The working principle of generative AI is to learn from a large amount of data, understand its underlying patterns and structures, and then create new, similar but not identical data based on this understanding. For example, given 10 papers, generative AI can write a brand new paper based on these data.

Generative AI products represented by ChatGPT, Midjourney, Bard, Claude, and Stable Diffusion have a profound impact on global industries, employment, and the economy, and are reshaping business processes and operating models, thanks to their simple and easy-to-use text conversation methods.

Mainstream industries including finance, art and creativity, education, law, healthcare, e-commerce, transportation, and IT have all been affected by generative AI, accelerating the application of automation.

For example, in the manufacturing industry, generative AI can be used to design new products, generate optimized design solutions through algorithms, and improve production efficiency;

In the media and entertainment industry, generative AI can create new music, artwork, and even write scripts to provide inspiration to creative workers.

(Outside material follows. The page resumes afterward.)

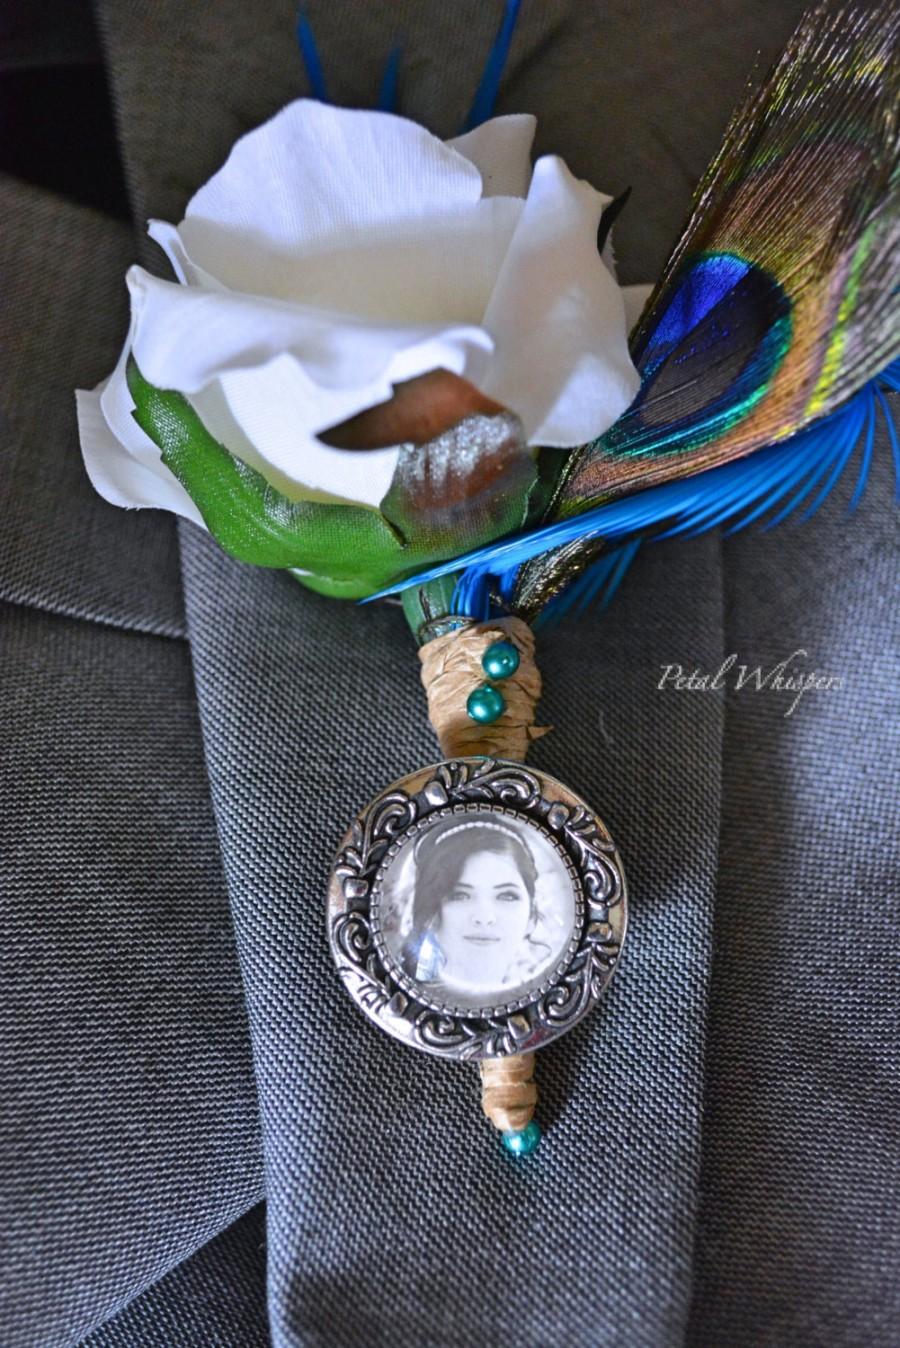 Mariage - Grooms Boutonniere Pendant, Memorial Pin, Grooms Gift, Bouquet Photo Brooch, Lapel Pin, Wedding Memory Pendant Brooch, Boutonniere Pendant

Executives believe that the benefits of generative AI outweigh the risks

78% of executives believe that the benefits of generative AI outweigh its risks, compared to 68% in a previous Gartner survey.

"Executives are taking a bolder stance on generative AI because they see the profound ways in which it can drive innovation, optimization and disrupt their business," said Frances Karamouzis, distinguished vice president analyst at Gartner. "Leaders understand that a wait-and-see approach without taking any action will be riskier than investing in generative AI."

In terms of industry attributes, 45% of enterprises are expanding generative AI investments across multiple business functions, of which 22% are expanding across more than three different functions. Software development is the function with the highest adoption or investment rate of generative AI, followed by marketing and customer service.

Thirty percent of respondents cited growth initiatives as the primary business priority for generative AI investments, followed by cost optimization (26%) and customer experience/retention (24%).

Overall, 47% of generative AI application cases focus on customer service, and 30% are used for IT services.